Personal information
Born(1927-04-01)1 April 1927
Shanghai, China
Died22 December 2001(2001-12-22) (aged 74)
Capoliveri, Italy

Jacques Mayol (1 April 1927 – 22 December 2001) was a French diver and the holder of many world records in free diving.[1] The 1988 film The Big Blue, directed by Luc Besson, was inspired by his life story and that of his friend, Enzo Maiorca. Mayol was one of the screenwriters and authored the book Homo Delphinus: the Dolphin Within Man of his philosophy about the aquatic origins of humans.

Early life[edit]

Jacques Mayol was a French national born in Shanghai, China. Mayol spent his summer holidays in Karatsu (Japan) every year as a child. When he was 7, he would skin dive with his older brother in seas around Nanatsugama (ja:七つ釜)(Karatsu, Japan), where he saw a dolphin for the first time. Mayol described the fateful encounter in his book, "Homo Delphinus: The Dolphin Within Man".[2]


On 23 November 1976, at 49, he became the first free diver to descend to 100 metres (330 ft),[3][4] and when he was 56 he managed to descend to 105 metres (344 ft). During the scientific research phase of his career, Mayol tried to answer the question of whether man had a hidden aquatic potential that could be evoked by rigorous physiological and psychological training.

Mayol's lifelong passion for diving was based on his love for the ocean, his personal philosophy, and his desire to explore his own limits. During his lifetime, he helped introduce the then-elitist sport of free-diving into the mainstream. His diving philosophy was to reach a state of mind based on relaxation and yoga breathing, with which he could accomplish apnea.[5] He also contributed to technological advances in the field of free-diving, particularly improving assemblies used by no-limits divers. He was also instrumental in the development of scuba diving's octopus regulator, which was invented by Dave Woodward at UNEXSO in 1965 or 1966. Woodward believed that having safety divers carry two second stages would be a safer and more practical approach than buddy breathing in the event of an emergency.[6]

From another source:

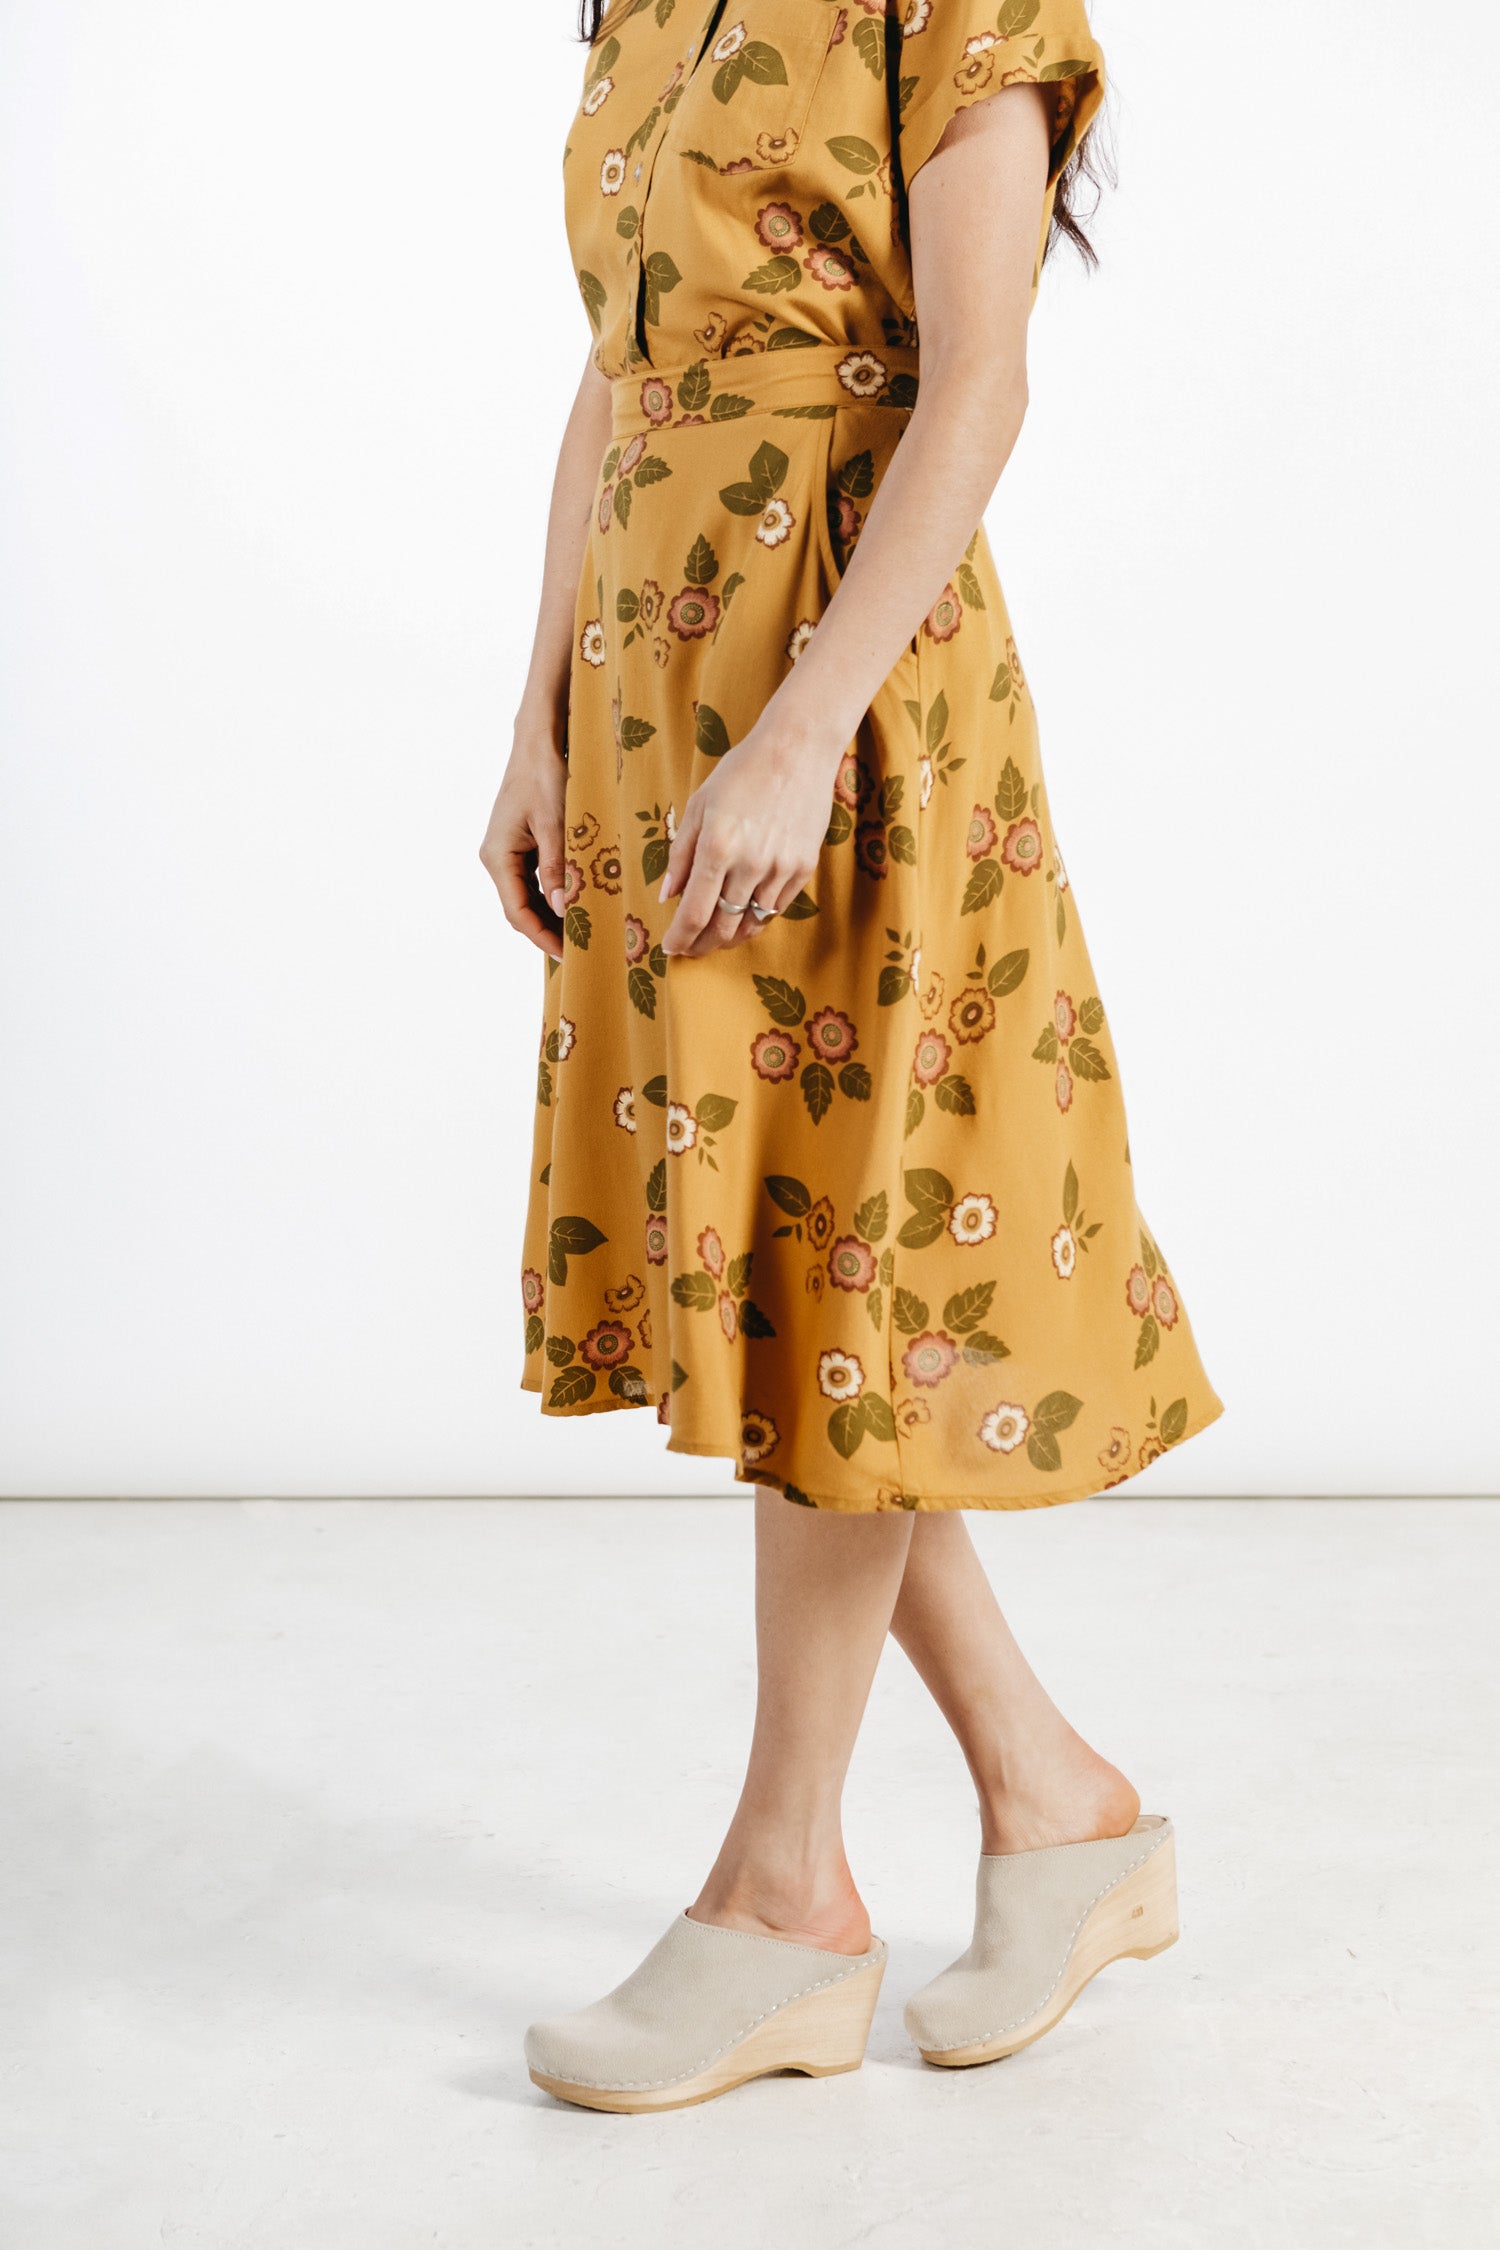 Cara Skirt / Folk Floral

Mayol was already an experienced free diver when he met the Sicilian Enzo Maiorca, who was the first person to dive below 50 metres (160 ft). Mayol reached 60 metres (200 ft) depth.[7] A friendship, as well as rivalry, between the two men ensued. Their most famous records were set in the no-limits category, in which divers are permitted to use weighted sleds to descend and air balloons for a speedy ascent. Between 1966 and 1983, Mayol was the no-limits world champion eight times. In 1981 he set a world record of 61 metres (200 ft) in the constant weight discipline, using fins. In 1976, Mayol broke the 100 metres (330 ft) barrier with a no-limits 101 metres (331 ft) dive off Elba, Italy.[7] Tests showed that during this dive his heart beat decreased from 60 to 27 beats/min, an aspect of the mammalian diving reflex, a reflex more evident in whales, seals, and dolphins. Mayol's last deep dive followed in 1983 when he reached the depth of 105 metres (344 ft), at the age of 56.[7]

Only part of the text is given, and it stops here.